By Bell BUBEL - BŁYSZCZYK BARWIĄCY USTA
Witajcie!
Błyszczyk barwiący usta
Ladycode by Bell mega buubeel :-P
Dokładnie chodzi o Tint Lip Gloss 02
Ech dziś w końcu udało mi się z małą dostać do lekarza, tak jak myślałam anginka.
Będąc przy okazji po soczki w Biedronce, zauważyłam to coś, ten Bell cały, błyszczyk który miał usta barwić.
Pomyślałam 6,99zł a kupię.Tym bardziej ,że nic już delikatnego do ust nie posiadam.
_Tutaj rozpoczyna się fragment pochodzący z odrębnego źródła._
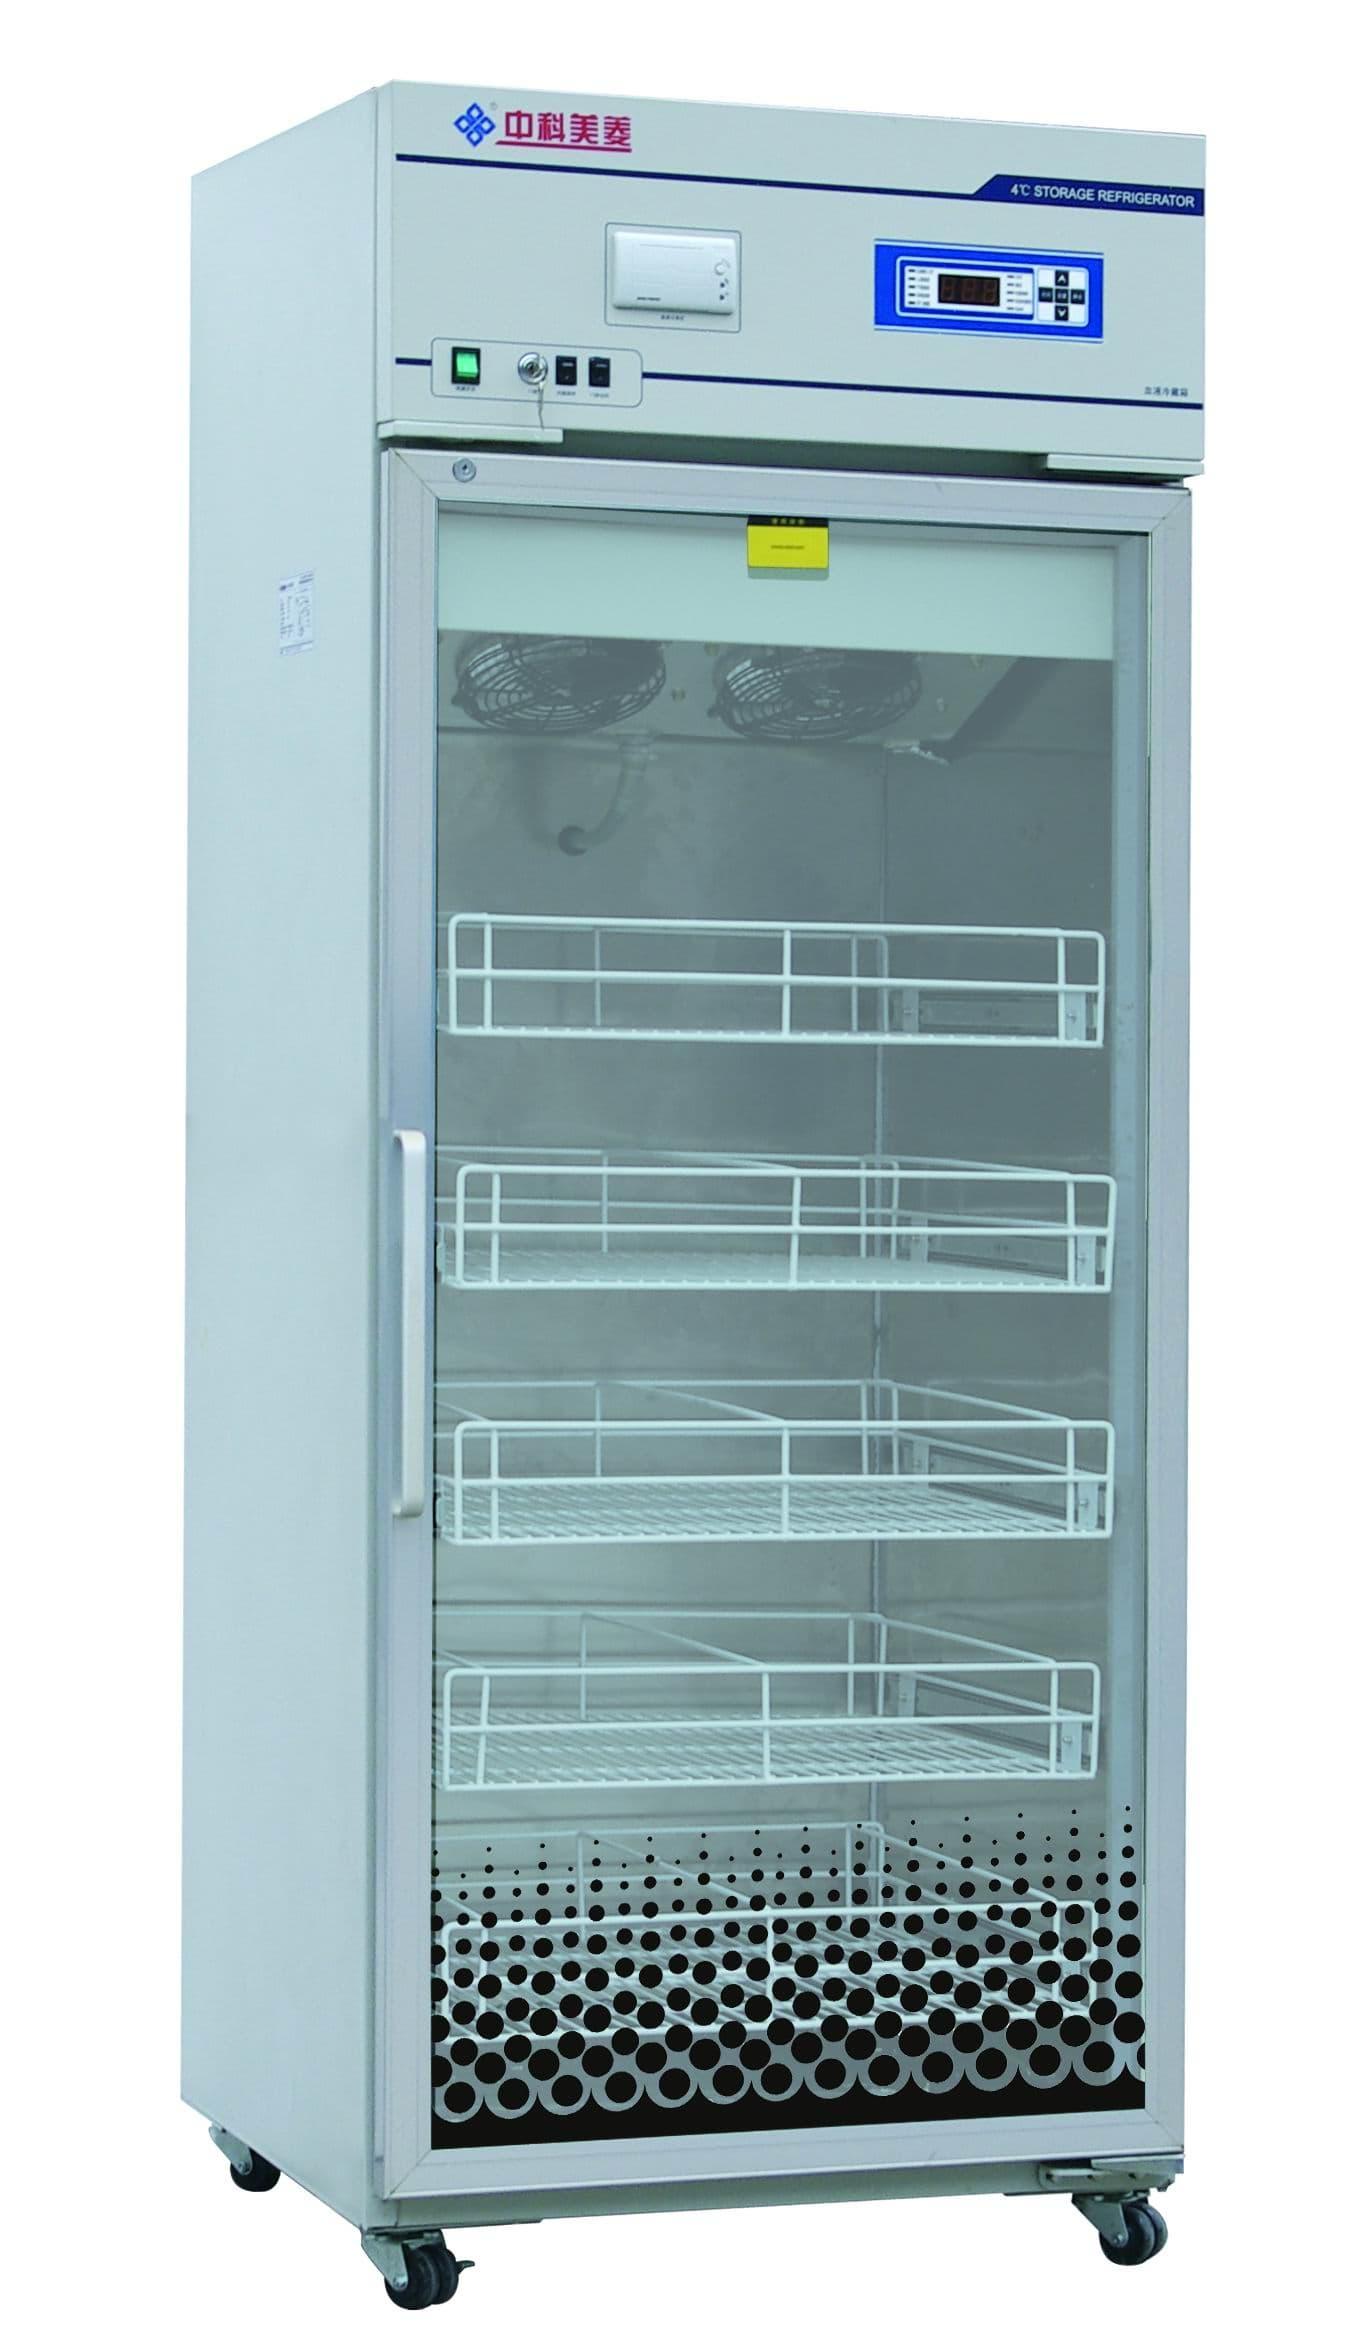 Sell My Car Online Free >> Blood bank refrigerator | tradekorea

Mając niewiele czasu drapłam to co wyglądało na pomarańcz - w końcu taka teraz moda ponoć:)
Jeszcze w drodze do domu dobrałam się do niego, lustereczko i jadę z malowaniem.
Na opakowaniu:
Słabo widoczne, bo szybko dobierałam się;)
Oczekiwałam przyjemnego efektu na ustach, smaku i zapachu..koloru...
A co dostałam?
A dostałam na dzień dobry dziwne uczucie lekkiego szczypania- pomyślałam ok, wiatr, może usteczka wysuszone, uszkodzone..
Potem ten smak, tak, spróbowałam oblizałam i fuuu, paskudztwo.Okropne.
Do tego koloru nie widać, może i leciutko się błyszczą ale tak strasznie się kleją!
Starałam od razu, chusteczka nie podołała temu posmakowi, dopiero w domu to domyłam.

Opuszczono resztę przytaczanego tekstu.